Understanding Marginal Revenue is essential in determining how revenue changes with each additional unit sold. In economics, it refers to the additional income generated by selling one more unit of a good or service. You can think of it as the derivative of total revenue concerning the quantity sold. This concept is vital for making pricing and production decisions.

• If the marginal revenue is high, it might be beneficial to increase production.
• Conversely, if it's low or negative, reducing production might be wise.

In calculus, marginal revenue is often given as a function, like the one provided in our exercise: \( \frac{d r}{d x}=2-\frac{2}{(x+1)^{2}} \). This function tells us how much revenue changes with a slight change in the number of products sold, specifically in thousands of units. To find the total revenue over a range of production, like from 0 to 3, we integrate over that interval.

A Definite Integral represents the total accumulation of a quantity over an interval. In our context, it helps us calculate the total revenue generated by manufacturing and selling a certain number of units. If the integrand is the marginal revenue, then the definite integral of that function gives us the total revenue.

• The limits of the integral specify the interval over which we accumulate the quantity.
• The process involves integrating the marginal revenue function between the lower and upper limits, such as 0 and 3 in our case.

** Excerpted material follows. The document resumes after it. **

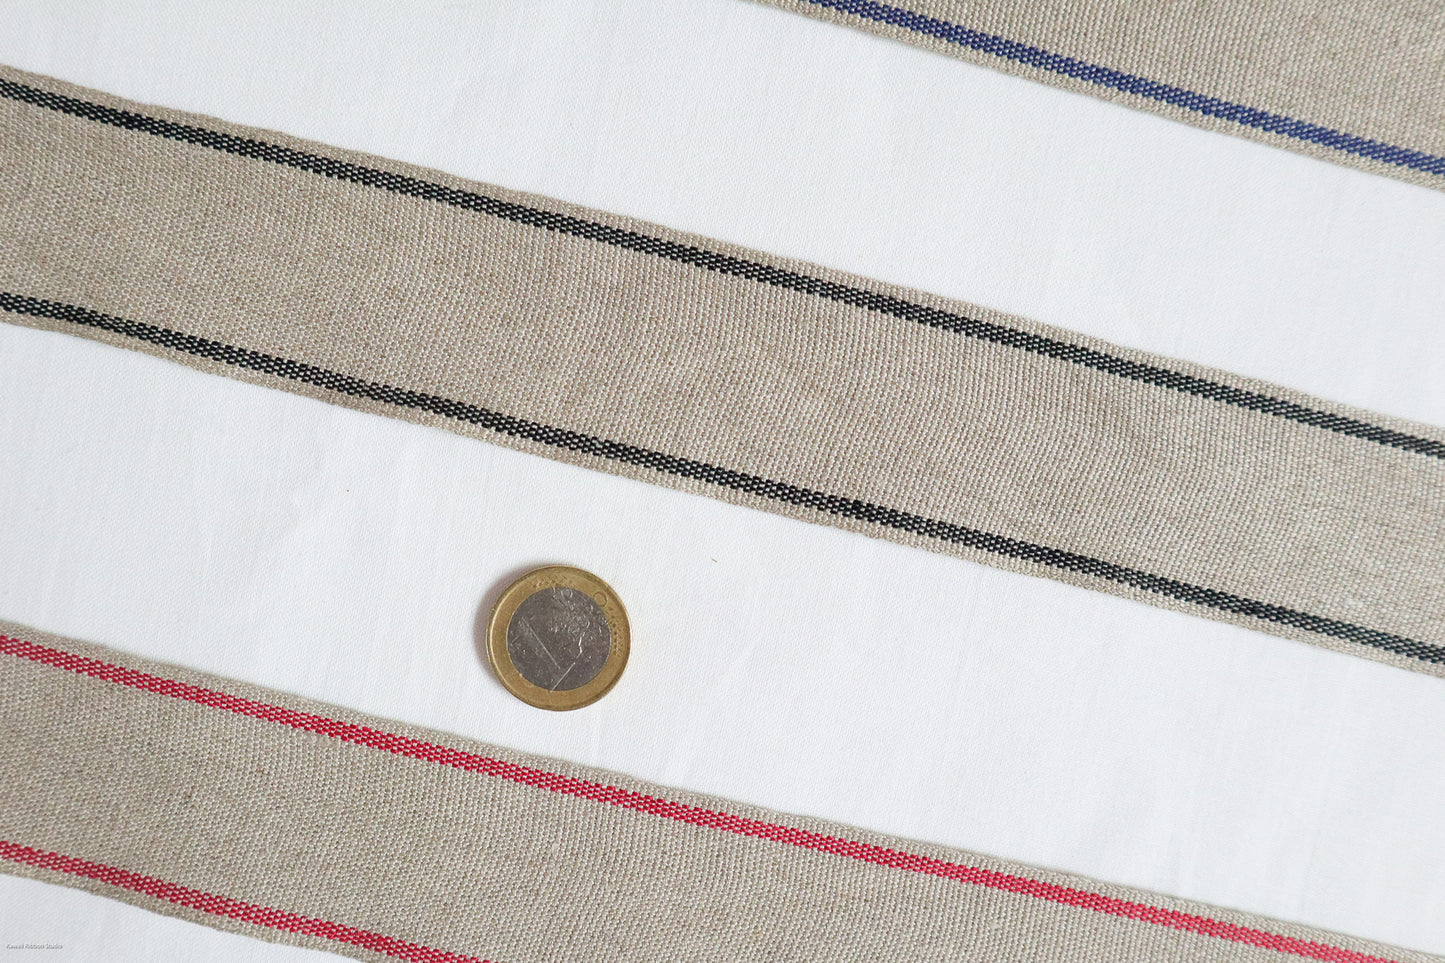 30mm & 38mm stripe ribbon/ tape for embroidery in 100% washed linen

The definite integral that we set up from 0 to 3 thousand units is: \[ \int_{0}^{3} \left( 2 - \frac{2}{(x+1)^2} \right) \, dx. \]By evaluating this, we obtain the accumulated value of total revenue possible in thousands of dollars from these units.

The Substitution Method is a technique used in integration to simplify complex problems. Often known as 'u-substitution,' this method helps in transforming difficult integrals into more manageable ones. The basic idea is to choose a substitution that simplifies the integrand.

• To apply this, identify a part of the equation to substitute for a new variable, usually denoted by \( u \).
• This new substitution should turn the integral into a simpler form that is easier to solve.

In our exercise, we used substitution for the integral \( \int \frac{2}{(x+1)^2} \, dx \) by letting \( u = x+1 \), thus \( du = dx \). This gave us a simpler expression to integrate: \[ \int \frac{2}{u^2} \, du = -\frac{2}{u}. \]After integration, the substitution was reversed to express the solution in terms of the original variable, completing our integration step.